Et bien, me voici toute ébaubie, je découvre qu'il ne l'est pas. J'ai défini une class smallTxt et j'ai fait une faute de frappe en oubliant de capitaliser le t... et ça marche. Je m'étonne, je crois d'abord faire face à un bug du navigateur. Je teste dans FireFox 1.0 et IE6. J'ai ensuite essayé le coup avec SMALLTxt et SmALLtxt... Même résultat: le style est toujours appliqué.

Je vérifie donc sur quelques sites et j'ai la confirmation que je cherchais: le CSS n'est pas sensible à la casse.

CSS est insensible à la casse... pour ce qui le concerne

En fait, selon le principe d'orthogonalité, CSS2.0 est insensible à la casse pour ce qui dépend d'elle-même... mais laisse les autres normes concernées décider pour le reste :

Toutes les feuilles de style CSS sont insensibles à la casse, sauf leurs parties qui ne sont pas régies par CSS. Ainsi celles qui sont sensibles à la casse, comme les valeurs des attributs de HTML "id" et "class", les noms des polices et les URIs qui sont hors du cadre de cette spécification.
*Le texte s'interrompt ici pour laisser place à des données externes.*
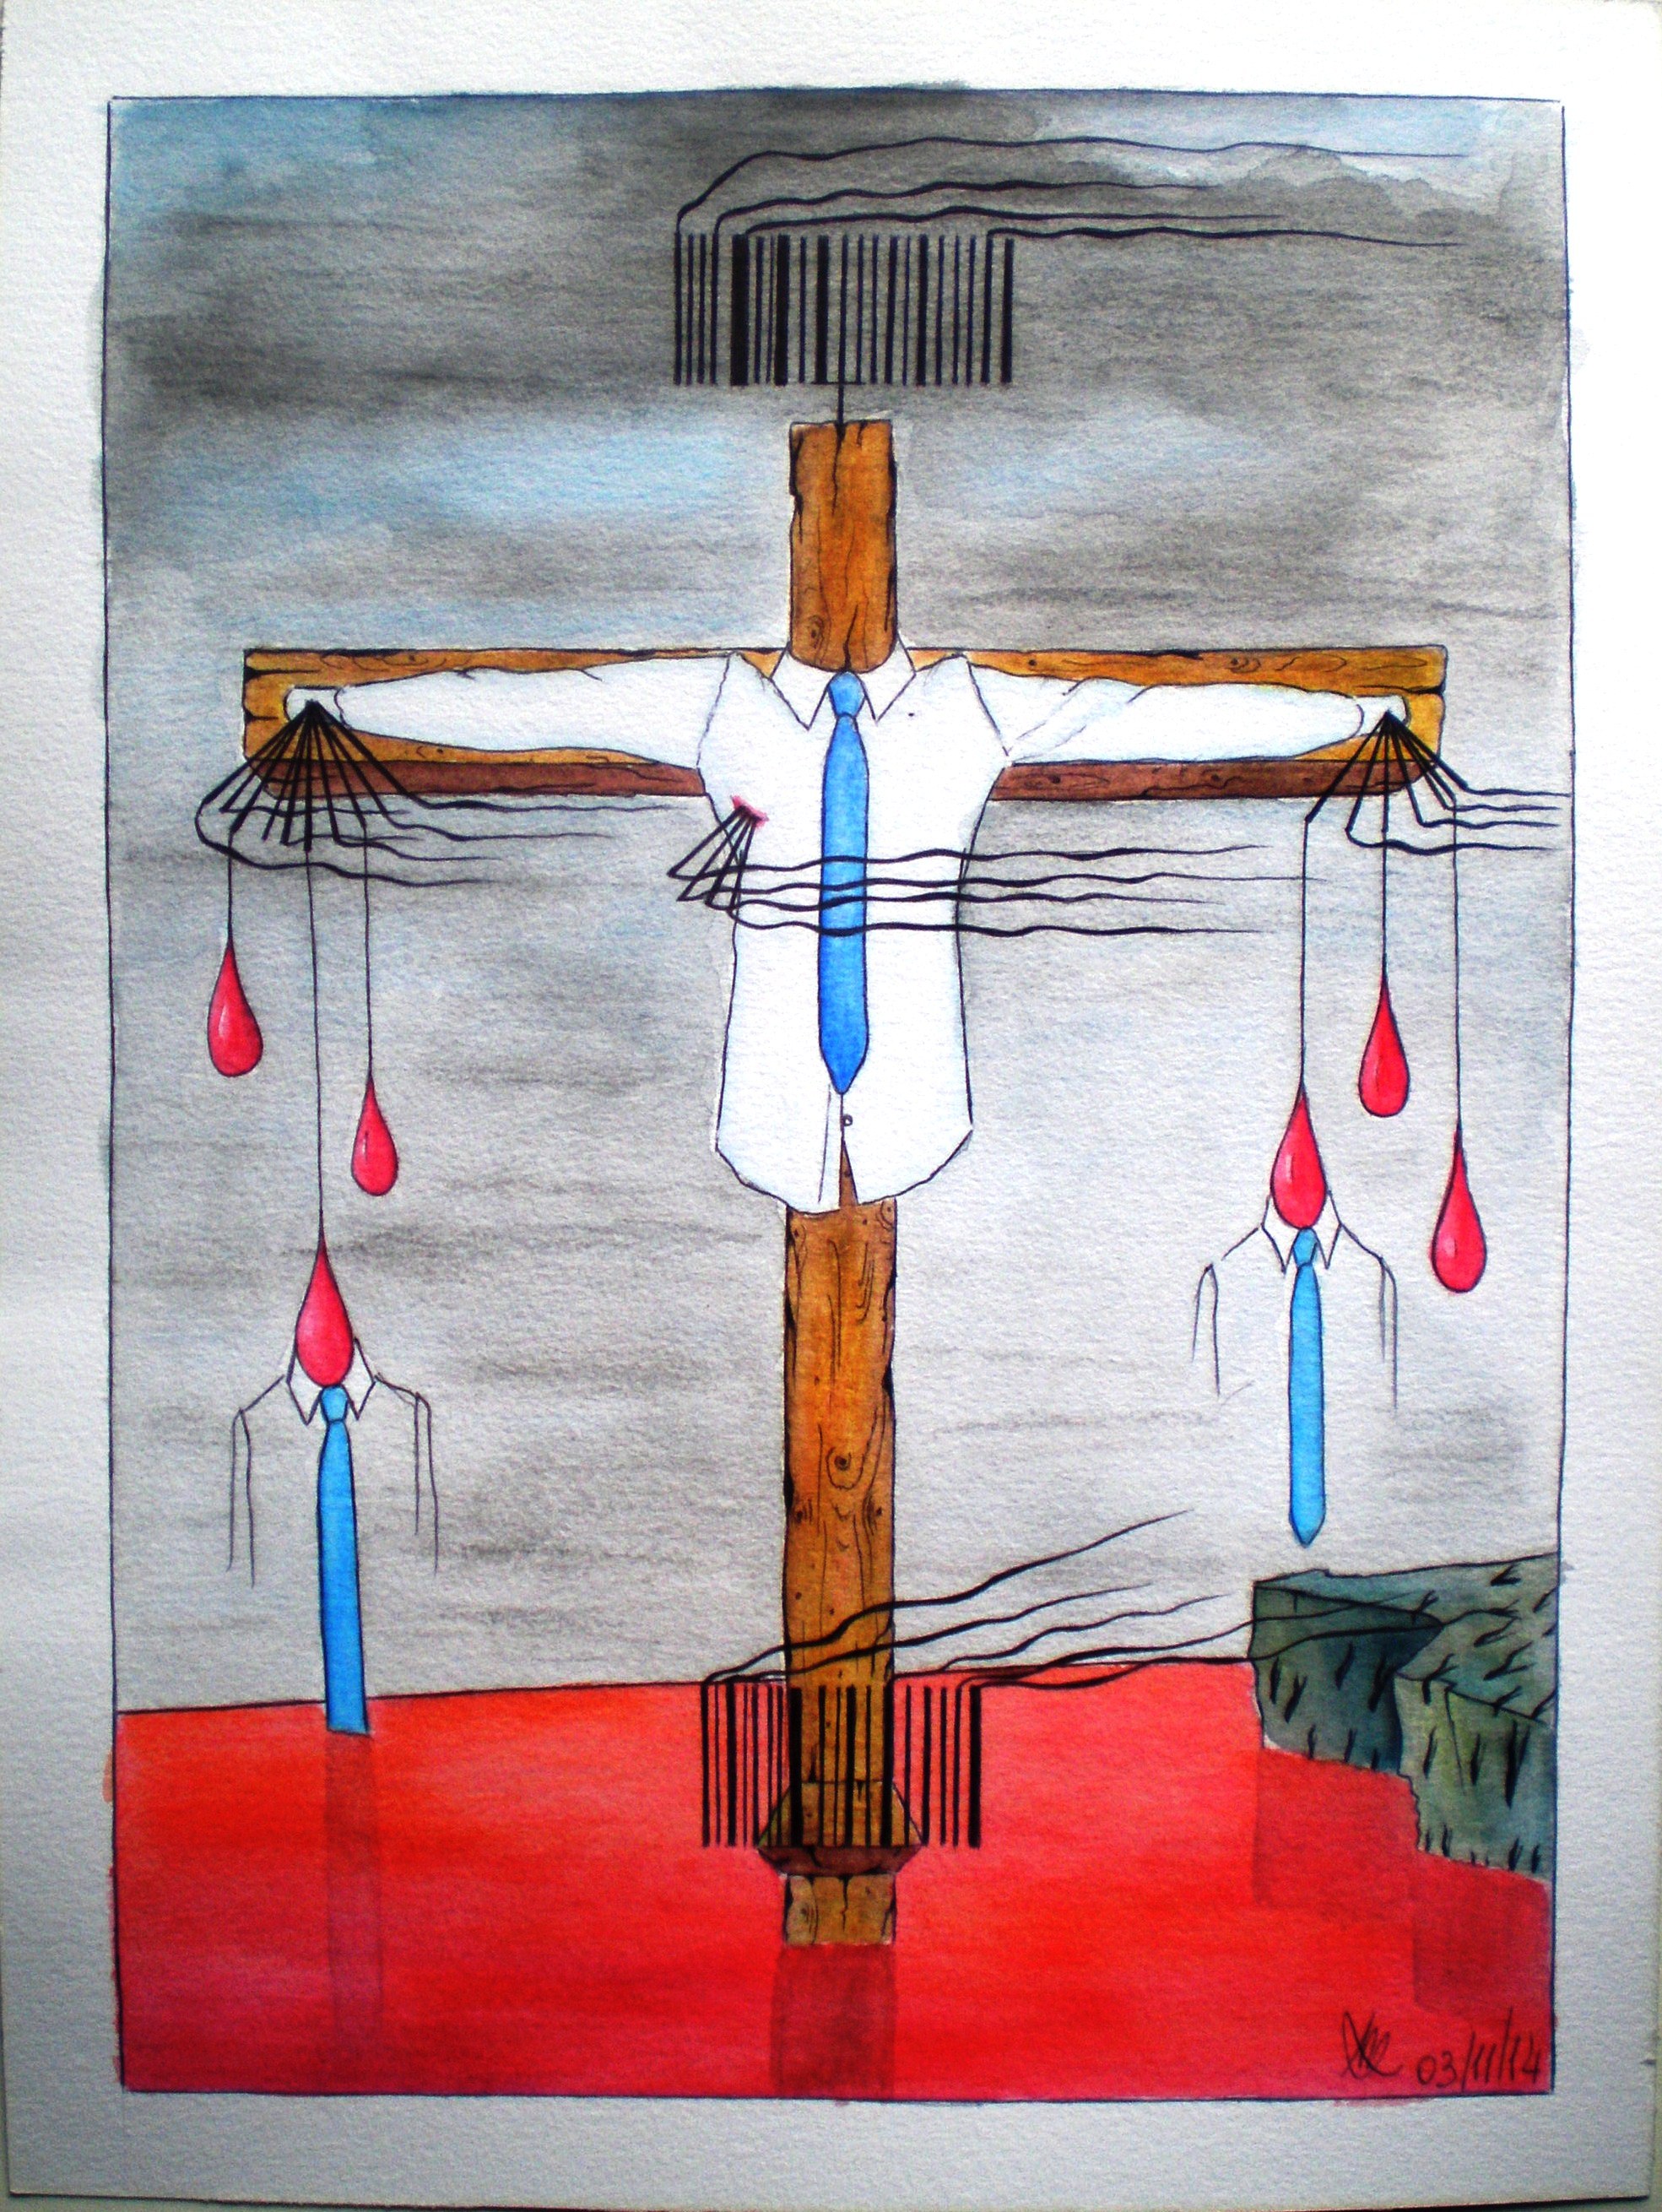 Crocifissione di colletti bianchi (crucifixion of white-collar), 2014 disegno a penna e acquerello (Pen drawing and watercolor), cm 30x40, Pasquale Mastrogiacomo, Acerno (SA).

Noter en particulier que les noms des éléments ne sont pas dépendants de la casse pour HTML, alors qu'en XML ils le sont.

La sensibilité à la casse des noms de classes est donc régit non par CSS2.0, mais par HTML4.01, qui est on ne peut plus explicite à ce sujet :

class = liste-de-valeurs-cdata [CS]

Mais si... c'est explicite : suivez le lien sur la mention [CS] :

Chaque définition d'attribut contient des informations concernant la sensibilité à la casse pour les valeurs qu'il admet. L'information de casse est présentée selon les clés suivantes :

CS
La valeur est sensible à la casse (i.e., l'agent utilisateur interprète « a » et « A » différemment).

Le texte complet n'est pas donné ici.